In summary, the coumarin core of novobiocin has been replaced with a quinolinone, naphthalene, or quinolone ring system. These replacements resulted in the efficacious quinoline class of Hsp90 inhibitors that allowed probing at the 2-position to gain additional interactions with Hsp90. Addition of alkylamino substituents at the 2-position led to new analogues that exhibit increased activity against various cancer cell lines and analogue 87 was found to be the most potent, which manifested ~200 nm activity against the SKBr3 cell line.

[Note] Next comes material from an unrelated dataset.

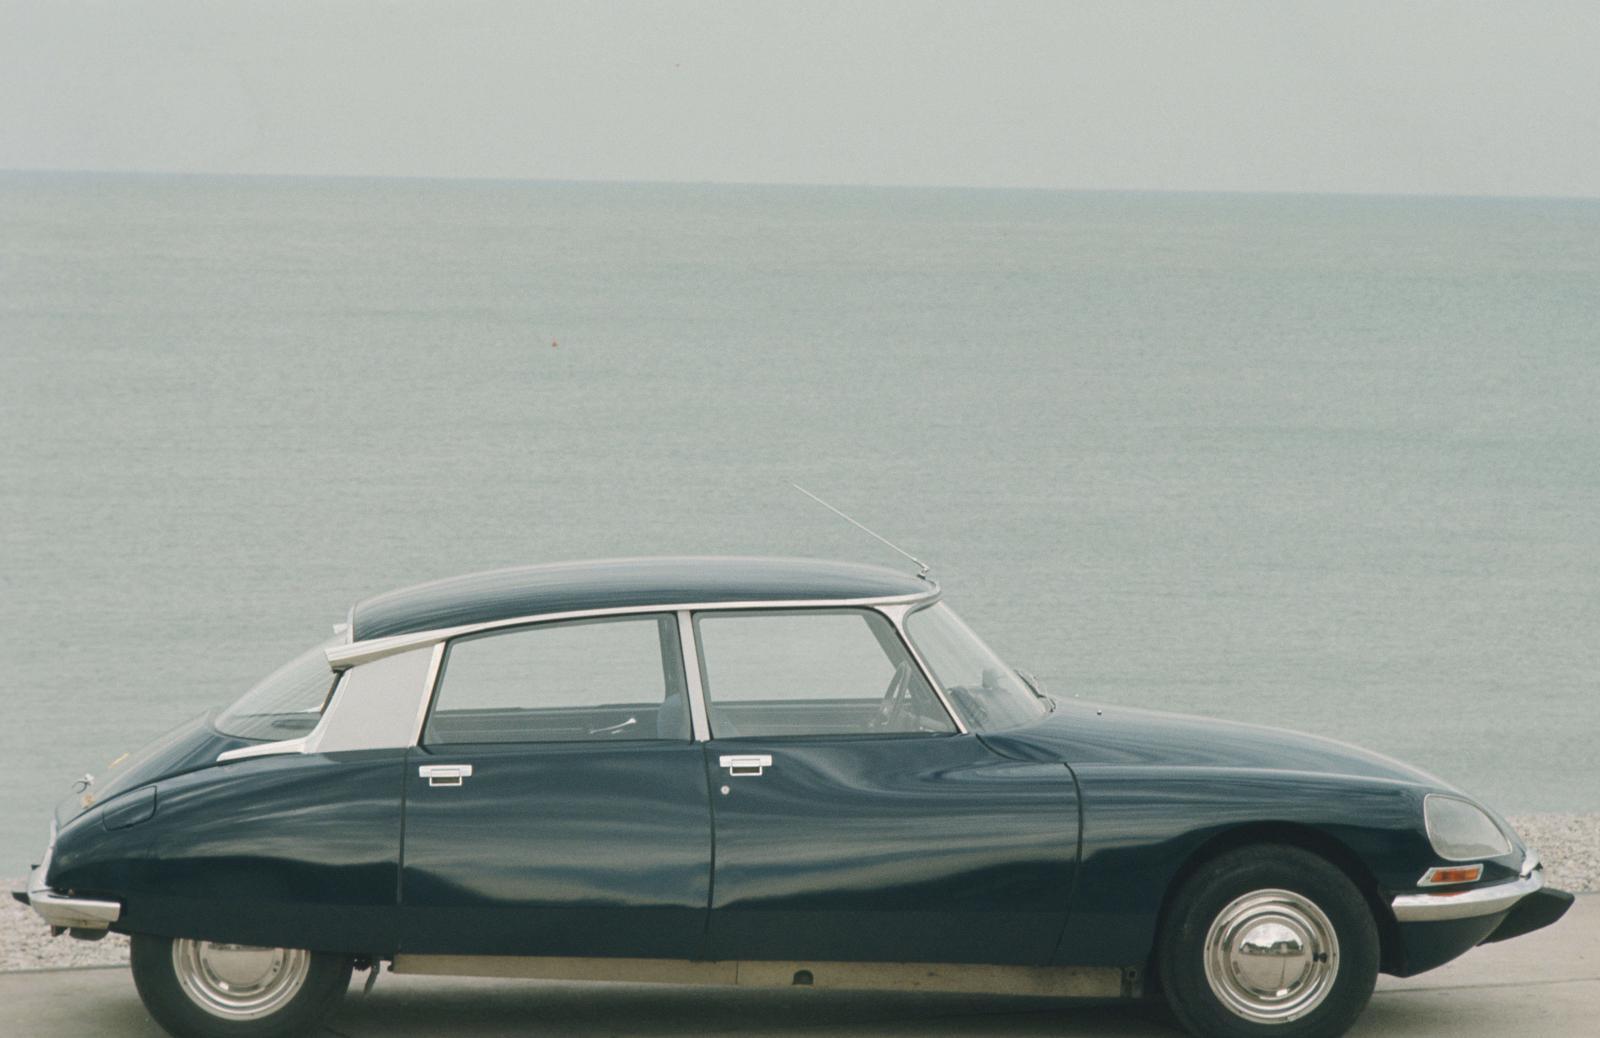 Citroën DS 21 - 1968 - Bord de mer

These results suggest that binding pocket surrounding the 2-phenolic position may be important for the development of more efficacious compounds.

Figure 5.

Western blot analyses of Hsp90 client protein degradation in MCF-7 breast cancer cell line. L represents a concentration ½ × IC₅₀ value while H represents a concentration of 5 × IC₅₀ value. GDA (500 nM) represents a positive control, while DMSO, vehicle, serves as the negative control.